Woodward Maurice (Tex) Ritter was born on January 12, 1905 in Murvaul, Texas. He attended the University of Texas from 1922 to 1927: as a student he was influenced by J. Frank Dobie, Oscar J. Fox, and John A. Lomax who encouraged his study of authentic cowboy songs. He began singing western and mountain songs on KPRC in Houston in 1929. The following year he was with a musical troupe touring the South and the Midwest; by 1931 he was in New York and had joined the Theatre Guild. His role in "Green Grow the Lilacs" (predecessor to the musical "Oklahoma") drew attention, and he became the featured singer with the Madison Square Garden Rodeo in 1932. Further recognition led to his starring in one of the first western radio programs to be broadcast in New York, "The Lone Star Rangers".
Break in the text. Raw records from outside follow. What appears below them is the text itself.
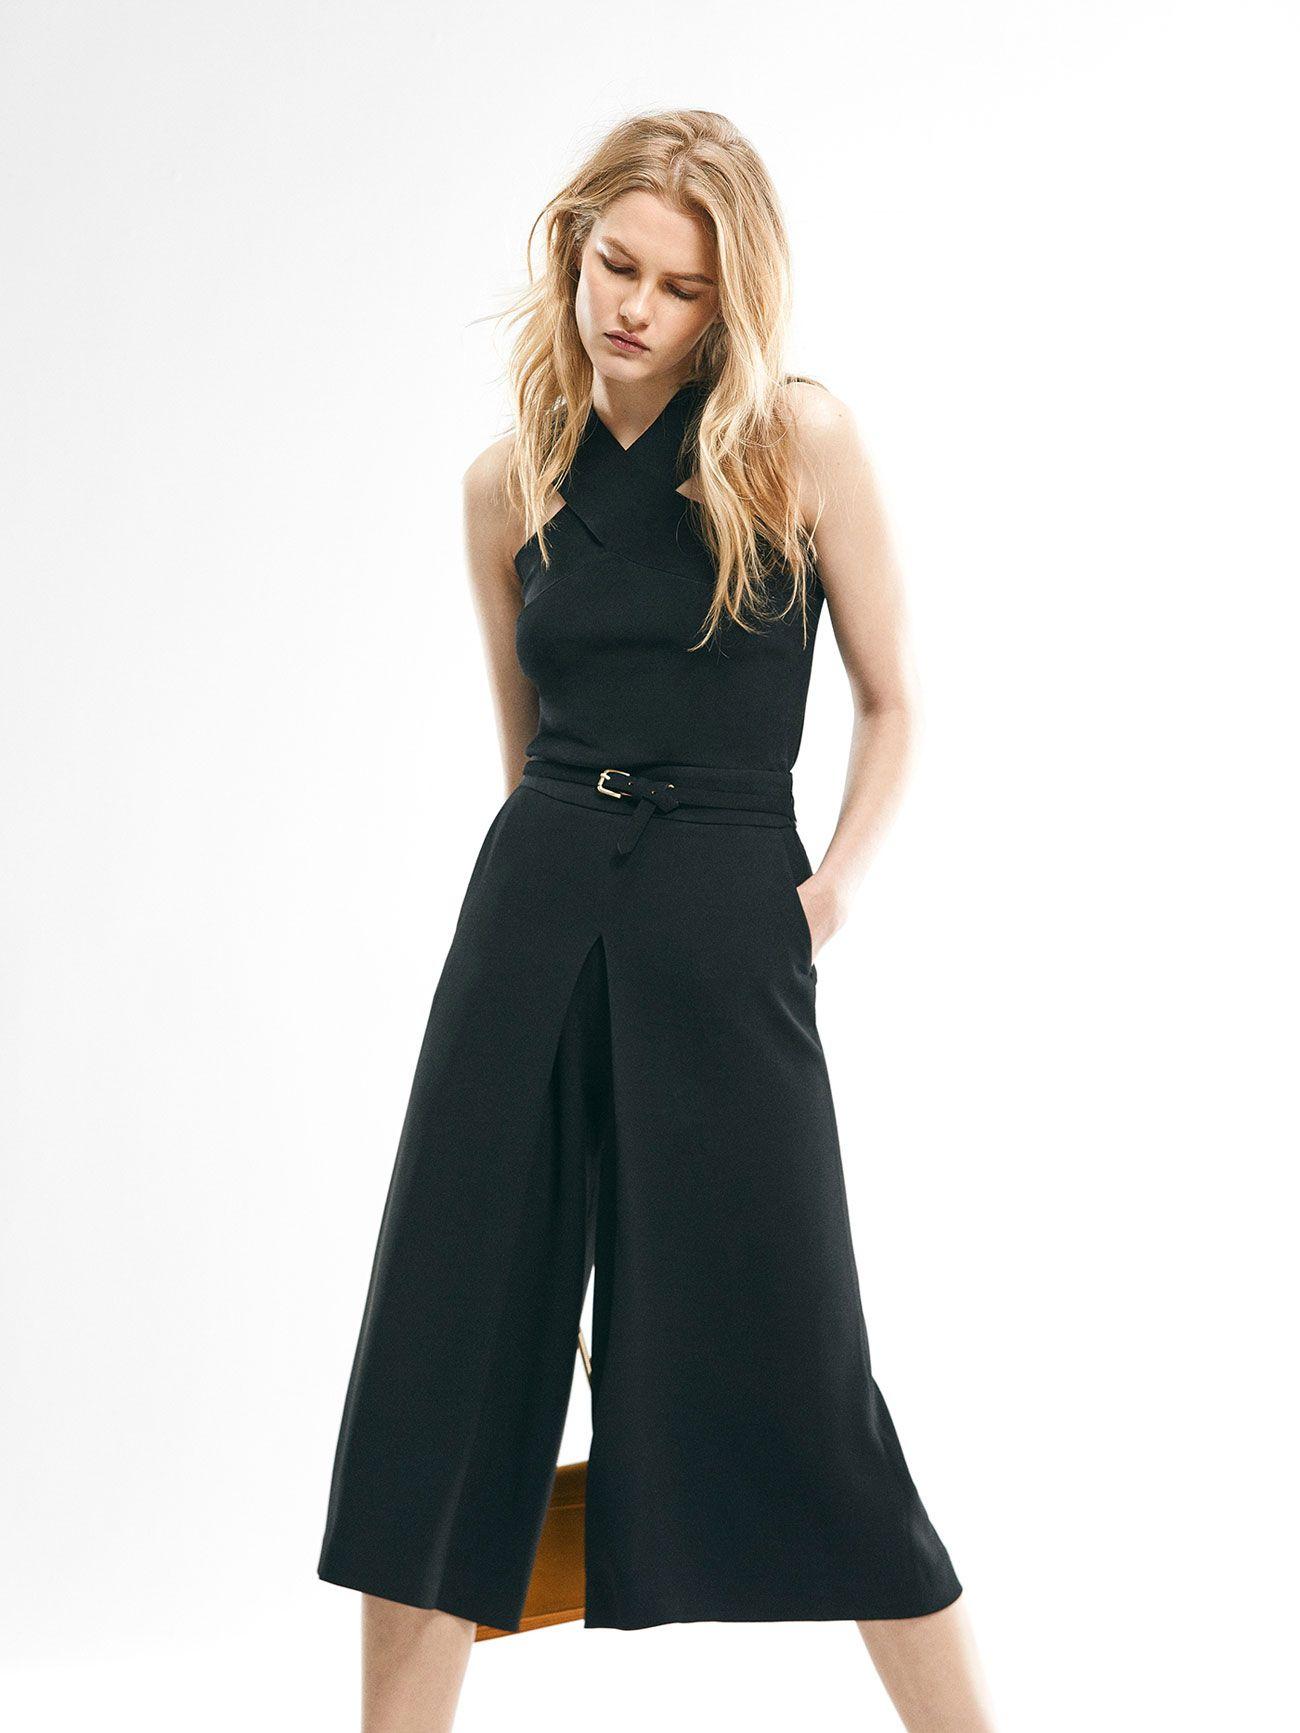 Neue Schnittmuster für auffällige Looks. Schwarzer Hosenrock aus ...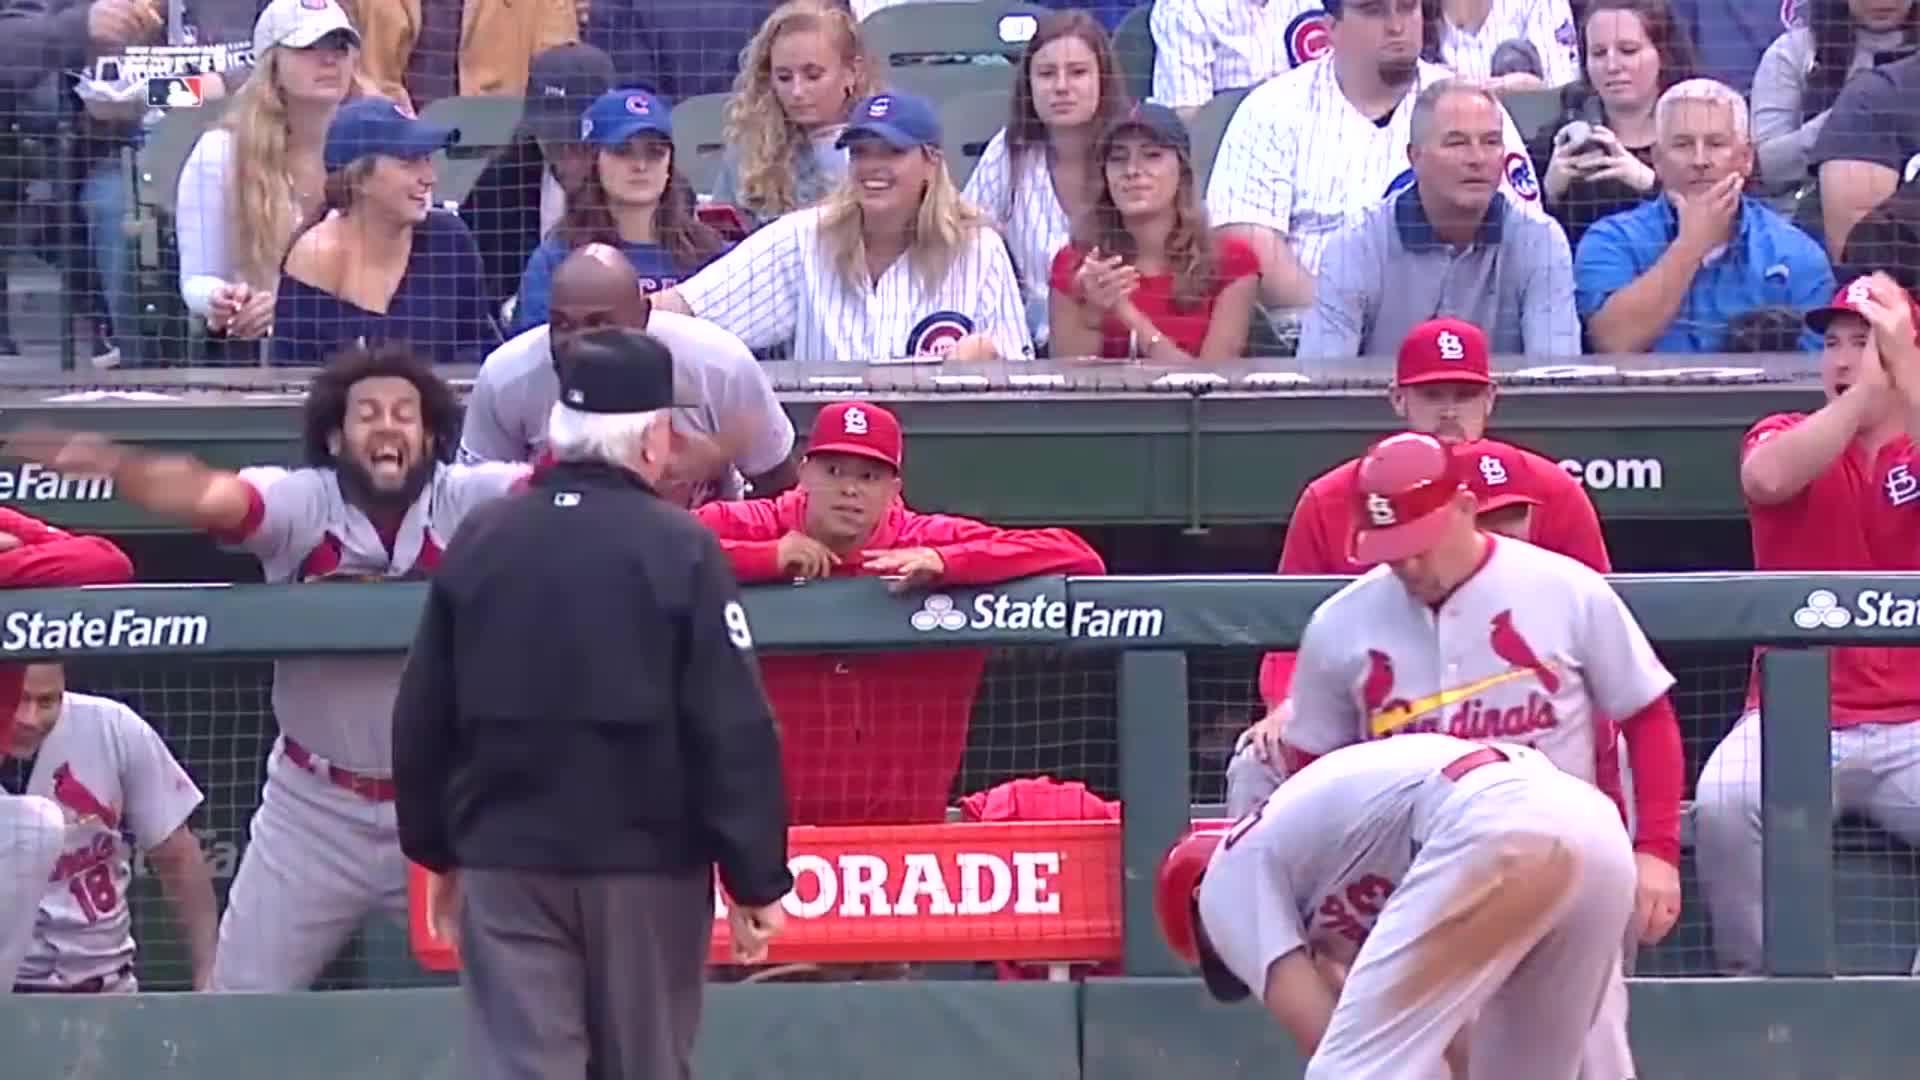 baseball, cardinals, st louis cardinals, st. louis, Jose Martinez calling the runner safe. GIFs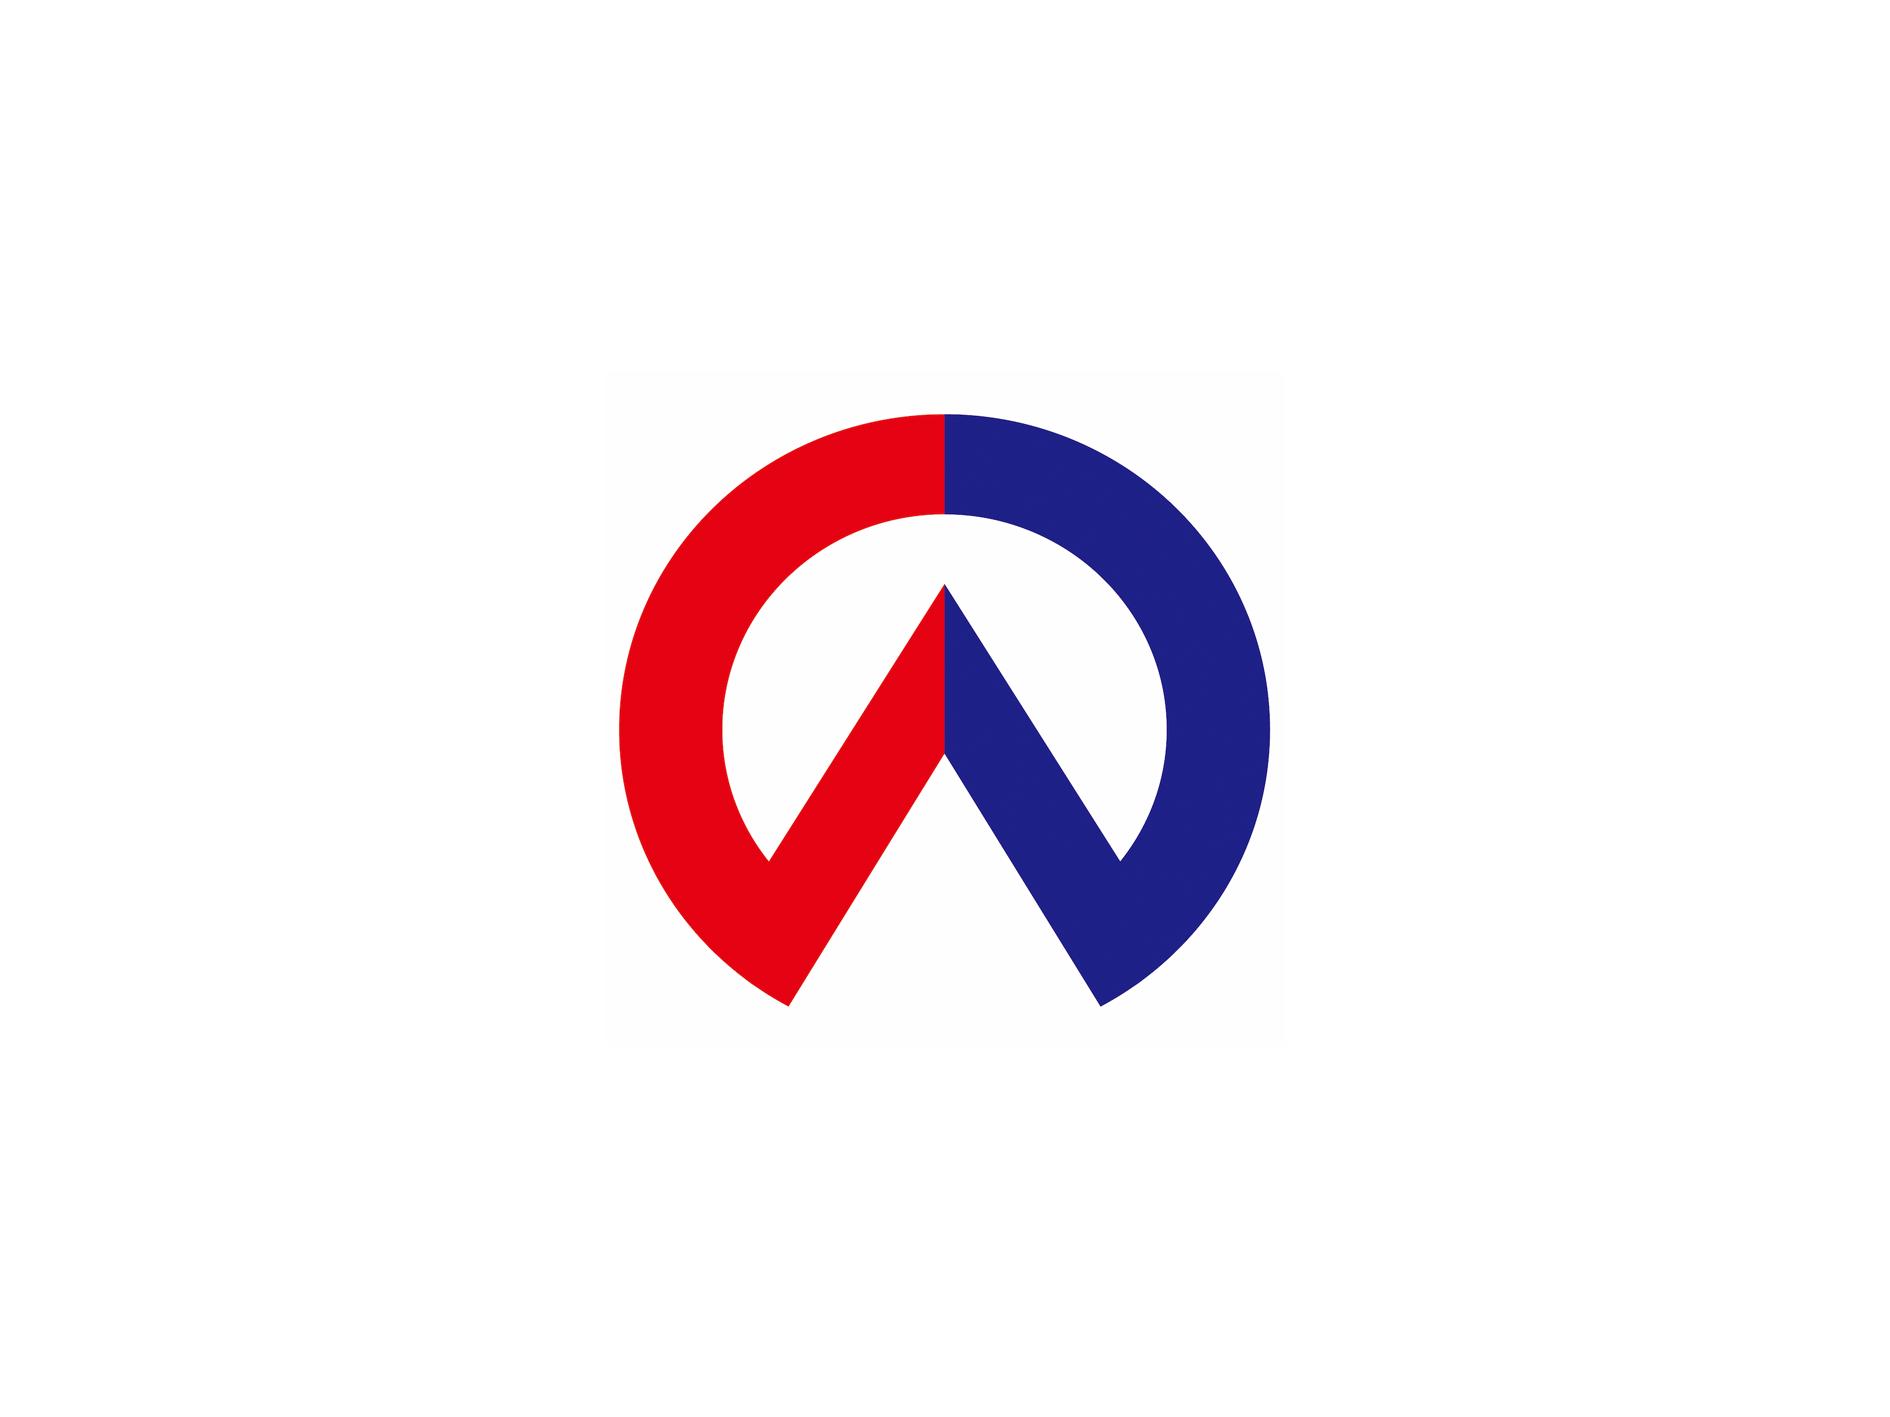 鲸城(山东)澳门大发888网上平台科技有限公司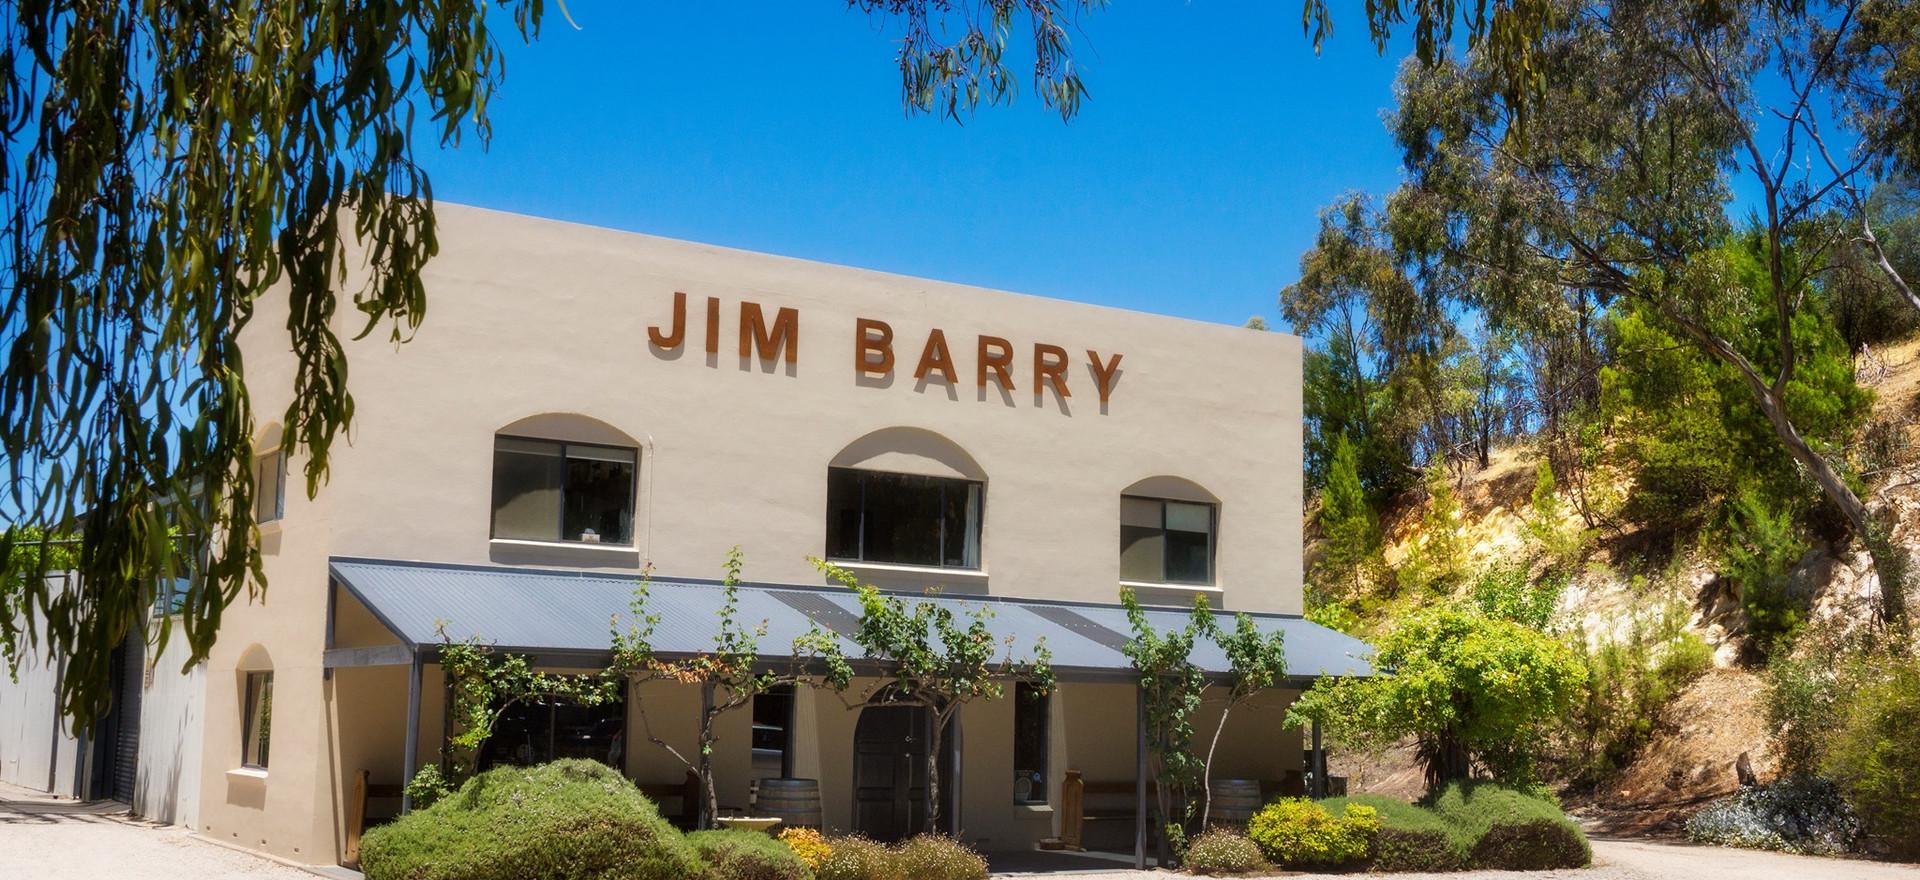 Jim Barry cellar door

His early image as the embodiment of a Texas cowboy, in spite of his roots in the rural southern music tradition, led to a movie contract in 1936. Appearing in eighty-five movies, including seventy-eight westerns, Ritter was ranked among the top ten money-making stars in Hollywood for six years. While his movies owed much to the genre begun by Gene Autry, Ritter used traditional folk songs in his movies rather than the modern "western" ditties.
Ritter's successful recordings, which began with "Rye Whiskey" in 1931, included "High Noon" (1952), "Boll Weevil" (1945), "Wayward Wind," "Hillbilly Heaven," and "You Are My Sunshine" (1946). "Ranch Party", a television series featuring Ritter, ran from 1959 to 1962.
In 1964 Tex Ritter was elected to the Country Music Hall of Fame, only the fifth person to be so honored; he also served as president of the Country Music Association from 1963 to 1965. In 1970 he made an unsuccessful bid for the United States Senate seat from Tennessee. He died in Nashville on January 2, 1974.